But now we are live again.

JOHN: People have to wear masks?

“It’s by the canal, the stage is a floating pontoon…”

NATHAN: No. The venue takes a lot of Covid precautions and there’s a healthy distance between the performers and the audience. The venue – Grow, by the River Lea – has made a stage which is a floating pontoon and the audience sits outside – there are heaters and stuff. So it’s by the canal, the stage is a floating pontoon and, if you don’t like one of the acts, you pull a lever and the stage flips over and the next act steps on. They’re just comedians. If they drown, no matter.

JOHN: (SILENCE)

NATHAN: Alright, I’m joking, but the stage IS a floating pontoon. It maintains a healthy distance and makes the audience feel safe.

JOHN: Why the name Big Wowie?

NATHAN: I always fantasied about the worst chocolate bar in the world. That’s why the logo is a chocolate bar wrapper. And the worst chocolate bar in the world is a thin tube of flavourless wafer with a little bit of chocolate drizzled on the top and it’s just a hollow wafer tube wrapped up in this glamorous chocolate bar wrapping. When you bite into it the whole thing just crumbles and you go: “Oh! Big Wowie!”

“I always fantasied about the worst chocolate bar in the world”

JOHN: This is a good image for the show? Hollow, tasteless and crumbling?

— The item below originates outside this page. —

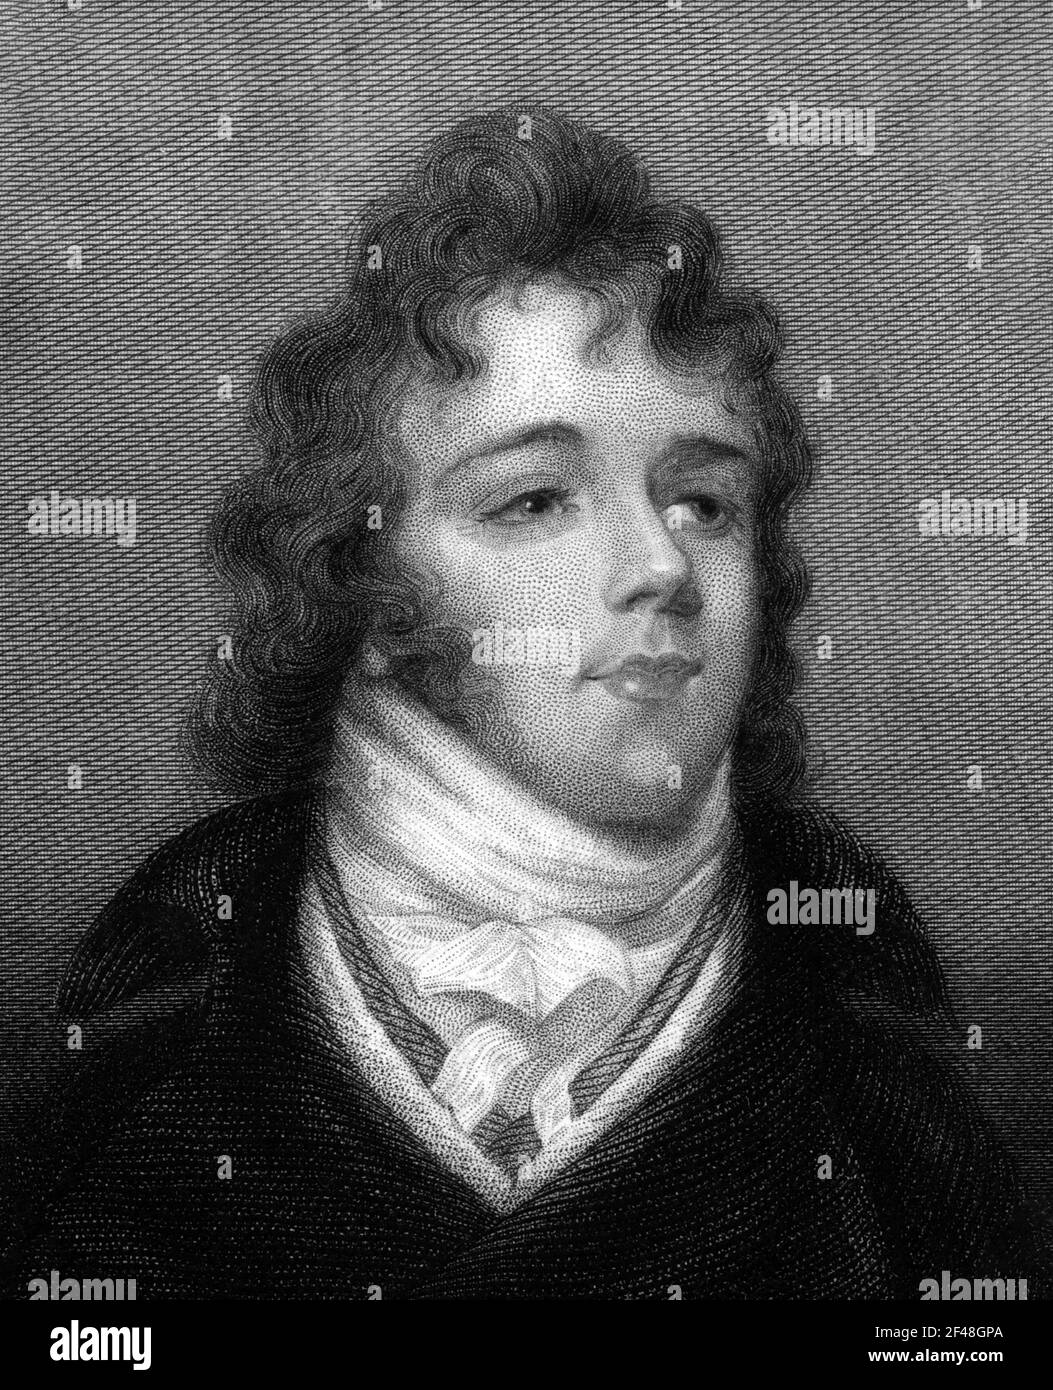 Beau Brummell. Ritratto del dandy della reggenza, George Bryan 'Beau' Brummell (1778-1840), incisione del 19 ° secolo Foto Stock

NATHAN: Maybe when I explain it like that it doesn’t sound so good… I think maybe I was trying to be ironic… I think most people would think BIG WOWIE!!!! 

But, to me, it’s…

JOHN: …an empty chocolate bar.

NATHAN: Maybe it’s just a hollow dream… (LAUGHS)

My actual dream for Big Wowie was always to connect the local community and the Hackney community is really special to me because, when I stepped off the boat 15 years ago as an immigrant from Australia…

JOHN: You love Hackney.

NATHAN: Yeah.

Future parents – Nathan and then-pregnant wife Shelley

JOHN: Yet you just moved to Margate in April this year. Why?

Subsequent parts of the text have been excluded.